Re: [PATCH v1 0/2] Virtio: fix some vq allocation issues

From: Halil Pasic
Date: Sun Dec 30 2018 - 01:10:27 EST

On Sat, 29 Dec 2018 02:45:49 +0000
"Wang, Wei W" <> wrote:

> On Friday, December 28, 2018 3:57 PM, Christian Borntraeger wrote:
> > On 28.12.2018 03:26, Wei Wang wrote:
> > > Some vqs don't need to be allocated when the related feature bits are
> > > disabled. Callers notice the vq allocation layer by setting the
> > > related names[i] to be NULL.
> > >
> > > This patch series fixes the find_vqs implementations to handle this case.
> >
> > So the random crashes during boot are gone.
> > What still does not work is actually using the balloon.
> >
> > So in the qemu monitor using lets say "balloon 1000" will hang the guest.
> > Seems to be a deadlock in the virtio-ccw code. We seem to call the config
> > code in the interrupt handler.
> Yes. It reads a config register from the interrupt handler. Do you know why ccw doesn't support it and has some internal lock that caused the deadlock issue?
> Best,
> Wei

I guess you are the first one trying to read virtio config from within
interrupt context. AFAICT this never worked.

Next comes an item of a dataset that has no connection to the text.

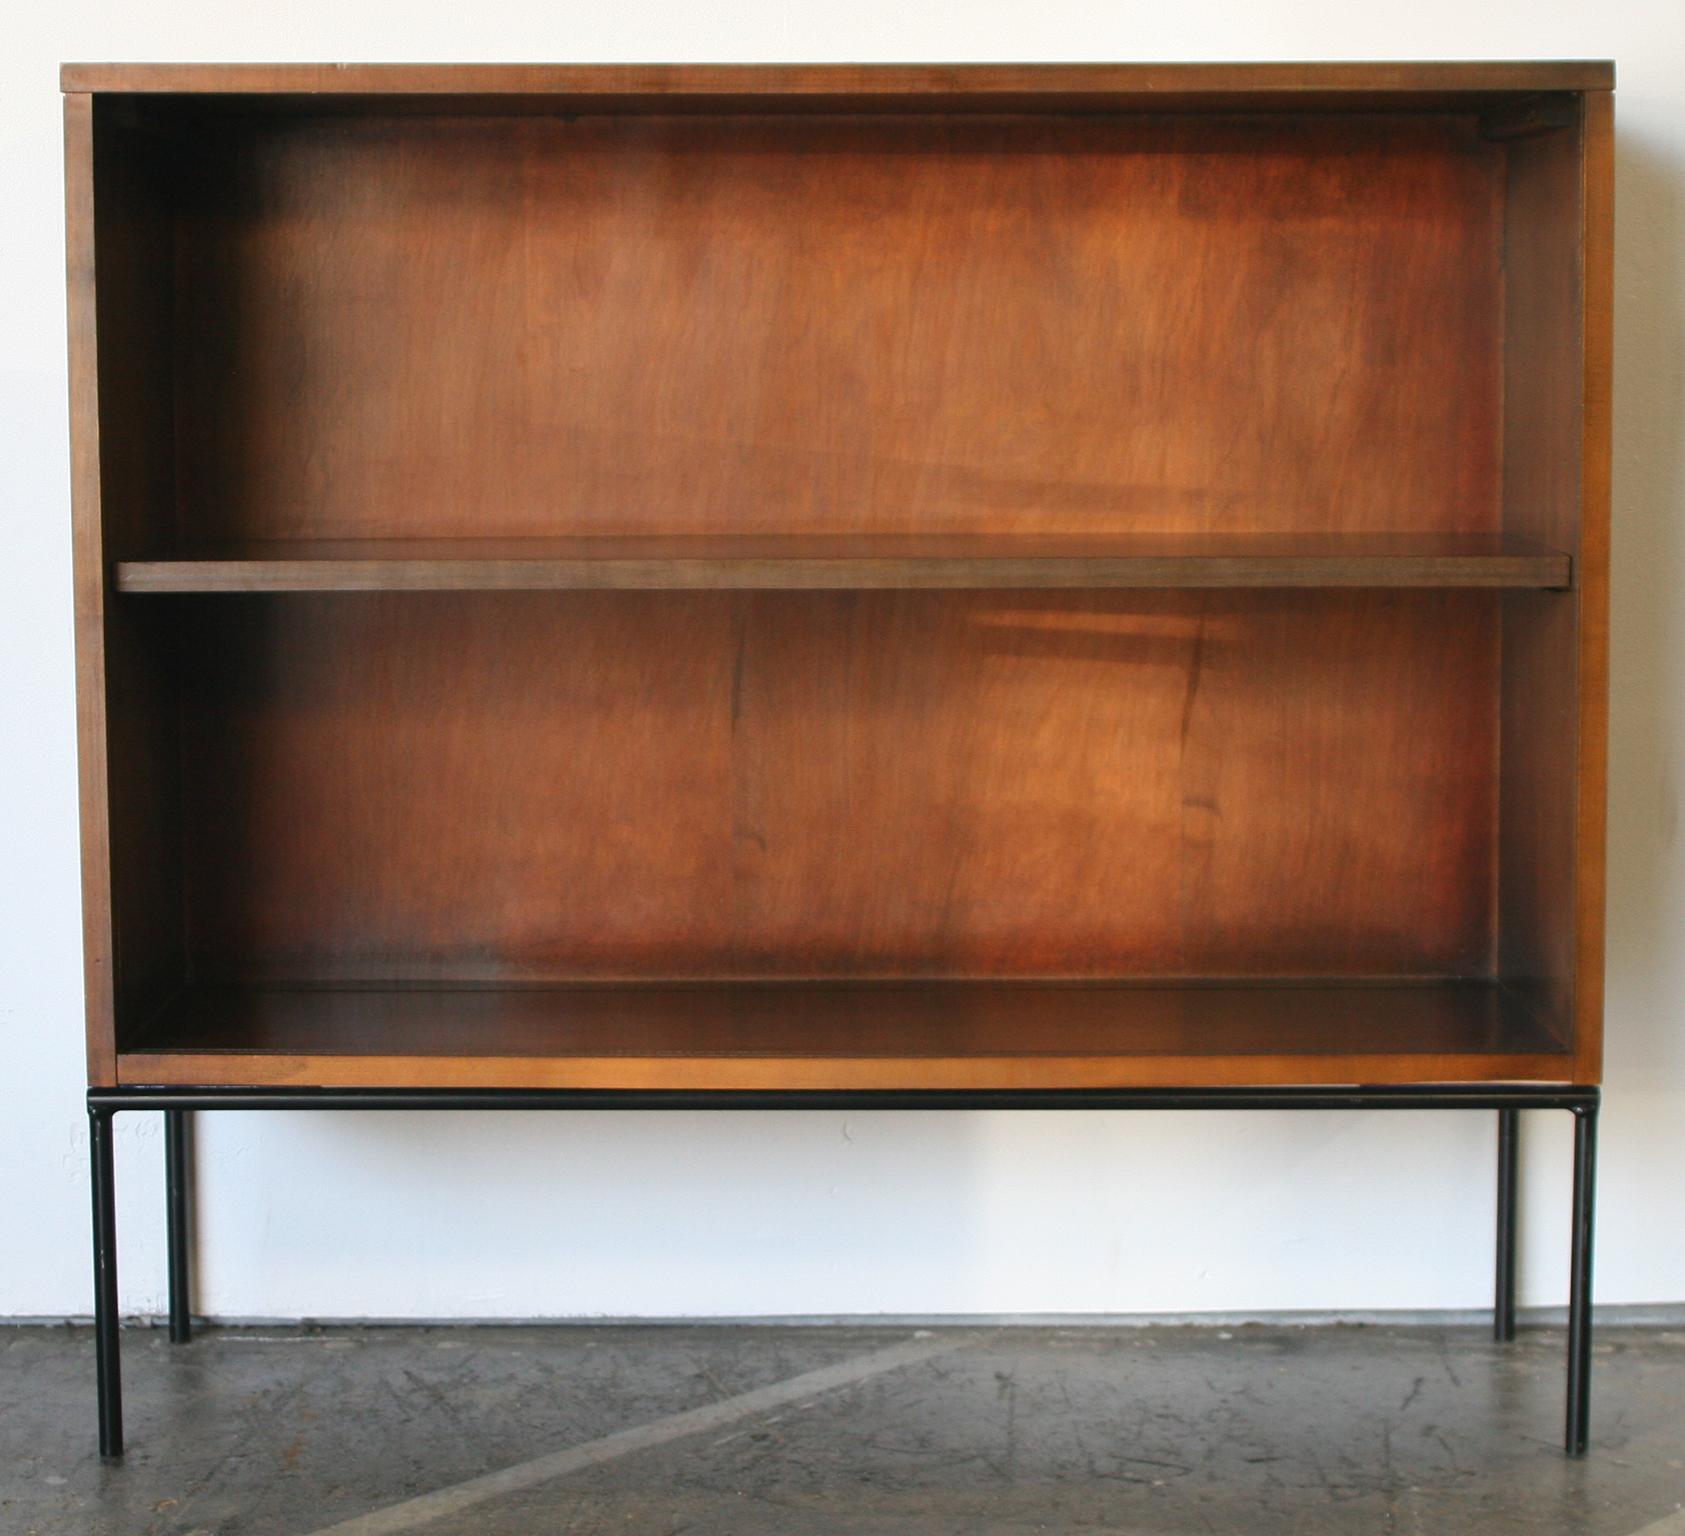 Midcentury Paul McCobb Single Bookcase #1515 Walnut Finish Glass Doors Iron Base 3

About what happens. The apidoc of ccw_device_start() says it needs to be
called with the ccw device lock held, so ccw_io_helper() tries to take
it (since forever I guess). OTOH do_cio_interrupt() takes the subchannel
lock and io_subchannel_initialize_dev() makes the ccw device lock be the
subchannel lock. That means when one tries to get virtio config form
within a cio interrupt context we deadlock, because we try to take a lock
we already have.

That said, I don't think this limitation is by design (i.e. intended).
Maybe Connie can help us with that question. AFAIK we have nothing
documented regarding this (neither that can nor can't).

Obviously, there are multiple ways around this problem, and at the
moment I can't tell which would be my preferred one.